Тем временем Генри Хайд и его коллеги продолжали придерживаться своей тактики, прислав мне восемьдесят один вопрос, на которые требовали ответить «да» или «нет», и опубликовав расшифровку двадцати двух часов телефонных разговоров Трипп с Левински. То, что Трипп продолжала записывать эти разговоры без разрешения Левински, после того как юристы предупредили ее, что такие действия являются противозаконными и не должны повторяться, в штате Мэриленд считалось уголовным преступлением. Против Трипп было выдвинуто обвинение, но судья, который вел процесс, не разрешил прокурору вызвать в качестве свидетеля Левински, чтобы доказать, что записанные беседы действительно имели место. Он мотивировал это тем, что защита от судебного преследования, предоставленная Трипп Старром в обмен на ее показания о незаконном вторжении в частную жизнь Левински, запрещала Левински давать показания против Трипп. Старр в очередной раз позволил избежать заслуженного наказания сотрудничавшему с ним нарушителю закона, продолжая преследовать ни в чем не повинных людей, отказавшихся лгать ему в угоду.

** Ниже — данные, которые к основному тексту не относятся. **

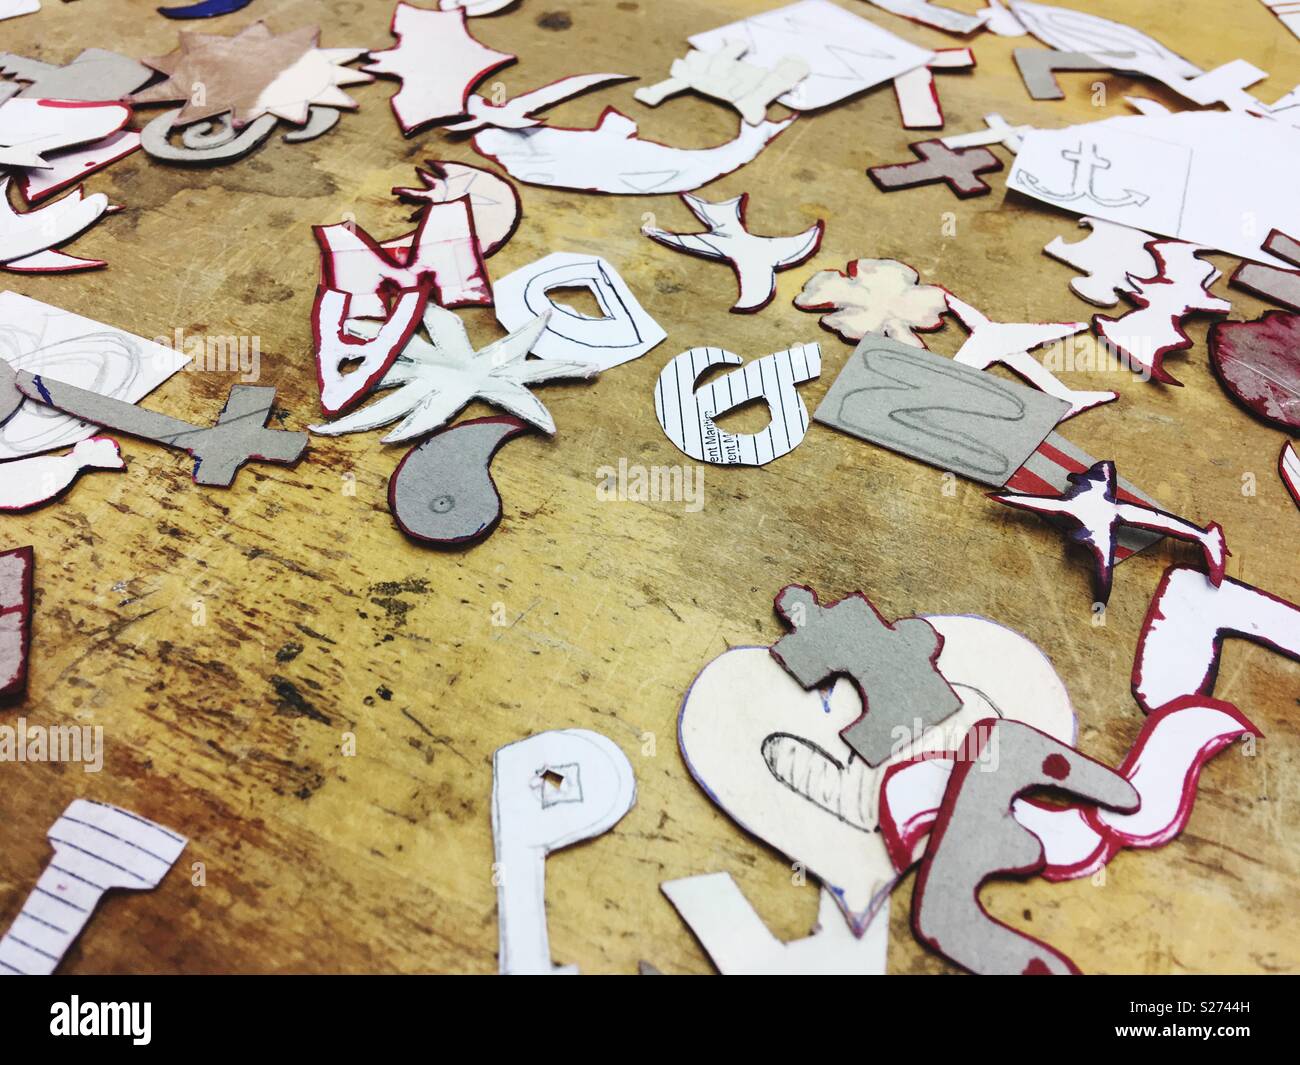 Paper shapes and forms used as templates for goldsmith or jeweller apprentices on a wooden surface Stock Photo

В то же самое время Старр в третий раз выдвинул обвинение против Уэбба Хаббела, утверждая, что тот ввел в заблуждение федеральные власти относительно услуг, которые он и юридическая фирма Rose оказывали еще одной разорившейся финансовой компании. Это стало последней отчаянной попыткой Старра сломить Хаббела и заставить его дать показания против меня или Хиллари.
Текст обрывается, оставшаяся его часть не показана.